27.2 Model Estimation Strategies
Under regression discontinuity framework, researchers can choose between parametric and nonparametric models. The choice depends on assumptions about functional form, data availability, and the trade-off between flexibility and interpretability.
27.2.1 Parametric Models: Polynomial Regression
Parametric models, such as linear regression, assume a specific functional form for the relationship between the dependent variable and predictors. One way to relax the strict linearity assumption is by incorporating polynomial functions of the forcing variable (Lee and Lemieux 2010). The choice of polynomial degree should be determined based on data characteristics.
However, using high-order polynomials comes with challenges. Gelman and Imbens (2019) highlight three key issues associated with global high-degree polynomials:
- Imprecise Estimates Due to Noise: Higher-degree polynomials can overfit, capturing noise instead of meaningful patterns.
- Sensitivity to Polynomial Degree: Estimates can vary significantly depending on the chosen degree, making the model less stable.
- Inadequate Confidence Interval Coverage: Confidence intervals tend to be misleading when using high-degree polynomials, leading to incorrect inference.
For these reasons, researchers are often advised to avoid global high-order polynomials and instead rely on alternative approaches (i.e., nonparametric version).

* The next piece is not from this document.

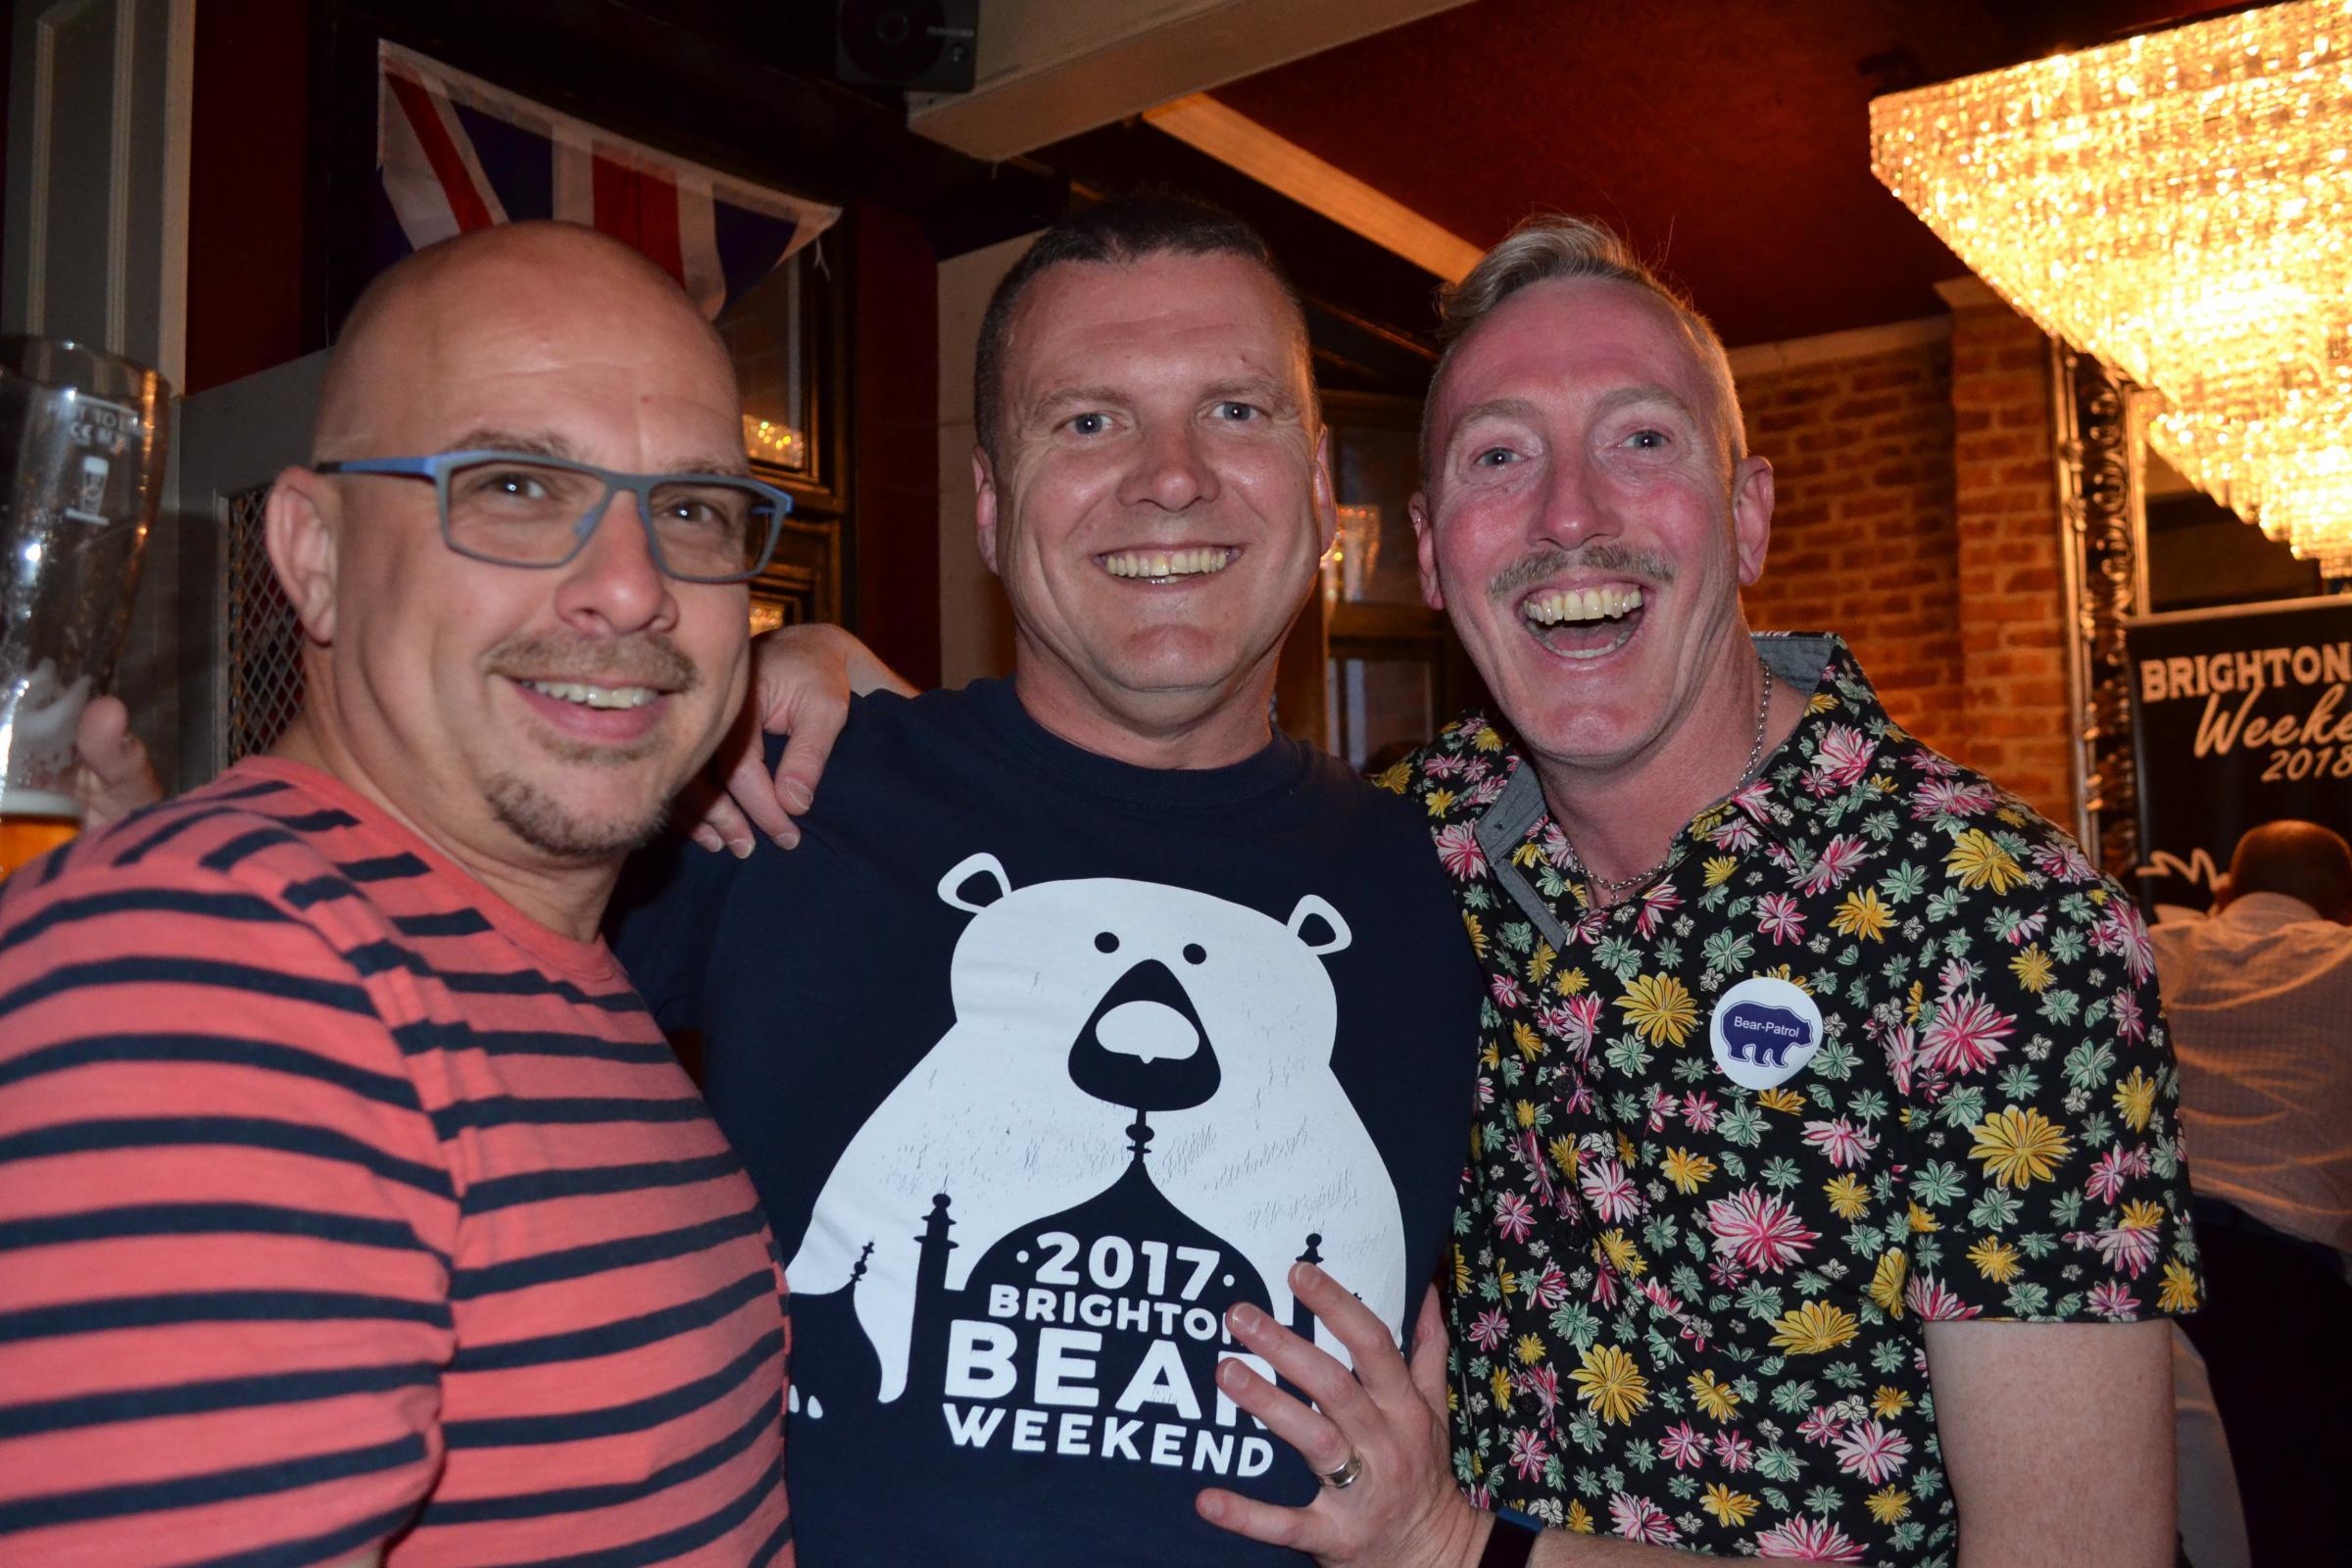 Brighton Bear Weekend is returning to the citys LGBT calendar this July 2021

27.2.2 Nonparametric Models: Local Regression
Nonparametric models, such as local polynomial regression, offer greater flexibility by avoiding strong assumptions about functional form. Instead of fitting a single equation to the entire dataset, these methods estimate relationships locally—often using linear or quadratic polynomials within a neighborhood of each data point.
- Uses weighted observations near the cutoff.
- More flexible than global polynomial regression.
Local regression methods, such as local linear regression, address the shortcomings of high-order global polynomials by:
- Reducing overfitting, as they adapt to local patterns without excessive complexity.
- Providing stable estimates, since results are less sensitive to arbitrary choices of polynomial degree.
- Improving inference, ensuring more reliable confidence intervals.
By balancing flexibility and robustness, local regression techniques are often preferred over global polynomial models in applied research.
Best Practice: Use multiple model specifications to check for consistency in results.